Review: The Story of Maths

I’ve got a baby taking up at least one arm for hours and hours every day, and not a ton of brainpower to focus on anything too intense. So I’ve been ripping through some history documentaries, and the drier the better. Soon the 2008 BBC series The Story of Maths appeared in my Netflix recommendations.

I don’t read or watch much pop science media, because a lot of it is just kinda lousy. It’s easy to see why: explaining complex ideas is hard enough when the audience has some of the necessary vocabulary and mathematical maturity. But when you can’t assume any level of fluency, often the best you can do is give a little hint of what’s going on. It’s like trying to perform Shakespeare with only shadow puppets and grunts.

In The Story of Maths, Oxford Professor Marcus du Sautoy describes the biggest ideas in math, using history as an entry point. The first episode tackles ancient mathematical history, finishing with the Greeks; the second profiles Asian and Arabic advances and their lead into Renaissance Europe; the third European Enlightenment math; and the last wraps up with the 20th century, centered largely around Hilbert’s problems. And they’re neat explorations. Du Sautoy actually manages to do a pretty thorough and accurate∗ plow through thousands of years of math in only four hours.

A challenge for documentary series is what to put on the screen while somebody talks. This series is part math lecture, part travelogue. Du Sautoy explains Egyptian math in front of the Pyramids, Chinese math in Tiananmen Square. He visits Euler’s old school in St. Petersburg, and a monument to Cantor in Germany. It makes for beautiful backgrounds, and has given me some ideas for where to go on future math side trips.

The series visualizes a lot of the mathematical concepts they talk about. Sometimes du Sautoy uses handy objects – food from a Syrian marketplace and a scale to describe how the Mesopotamians solved systems of linear equations, for example. For more complicated displays, the series uses computer graphics. Sometimes it’s used well – their visual proof of the Pythagorean theorem is nice and straightforward – and sometimes…less so. CGI just appears for its own sake here and there, without really clarifying anything, and it sometimes comes off straight-up corny.

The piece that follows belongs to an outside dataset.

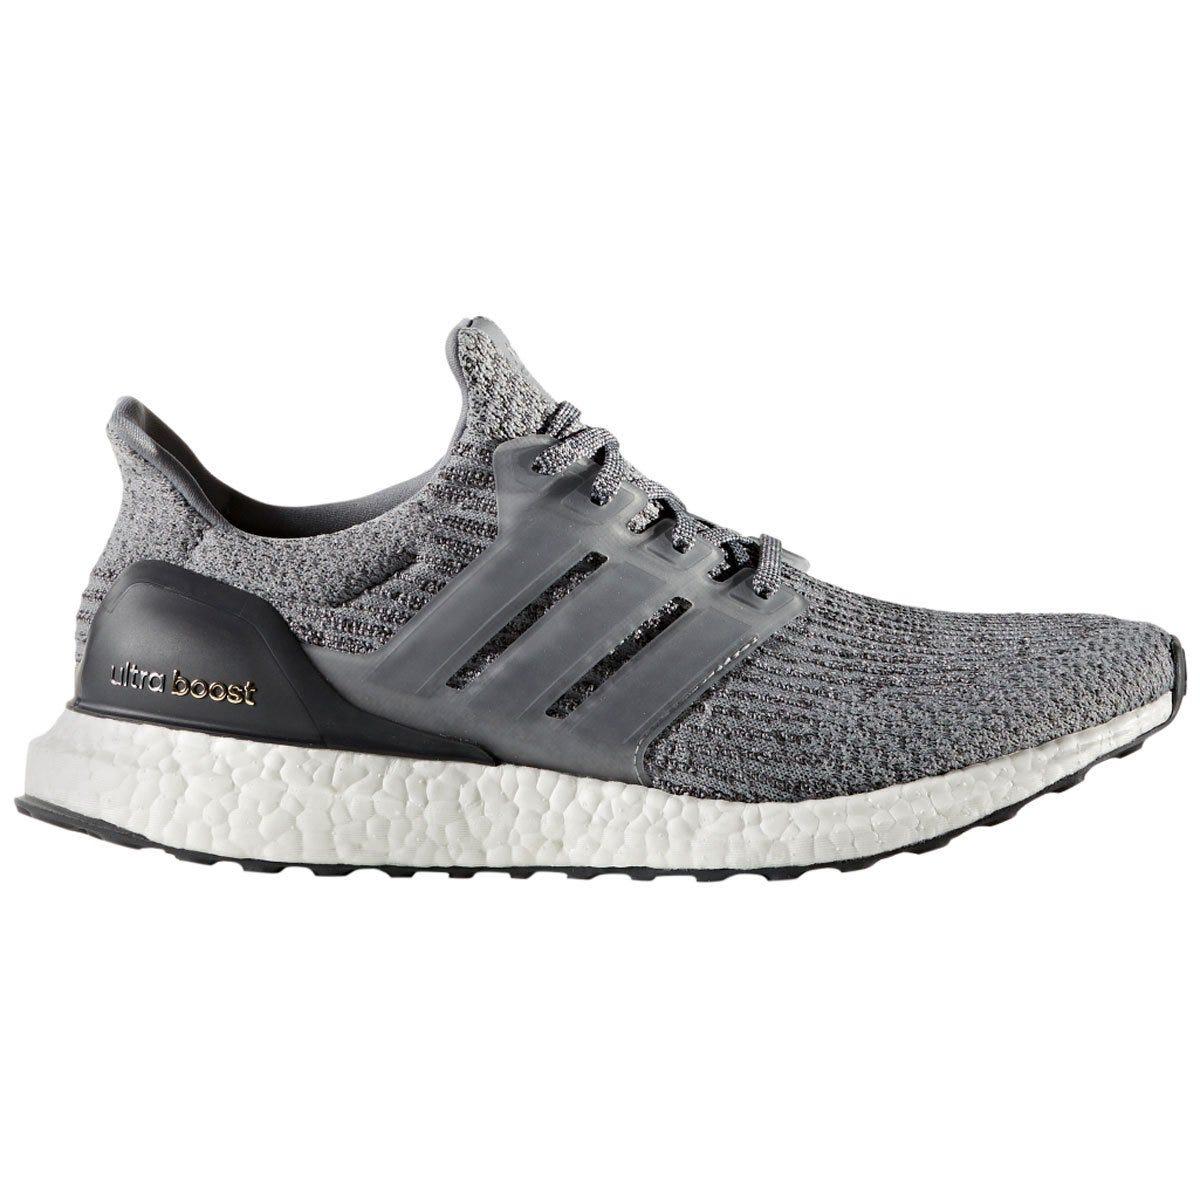 Adidas Ultra Boost Men's Running Shoes - Gray/Dark Gray/Solid Gray

The real problem with the series is exactly what I said at the beginning: it’s hard to make a series for a general audience, especially one only four hours long. It’s necessarily fairly superficial with its treatment of mathematics. The explanation of how Egyptians multiply numbers was fast but probably understandable to pretty much anybody. The geometric way Mesopotamians solved quadratics at least gives you a feel for the technique. But as the series progresses, it starts to get hard to see any of the meat of the algorithms or concepts in the brief descriptions, unless you already know them to begin with.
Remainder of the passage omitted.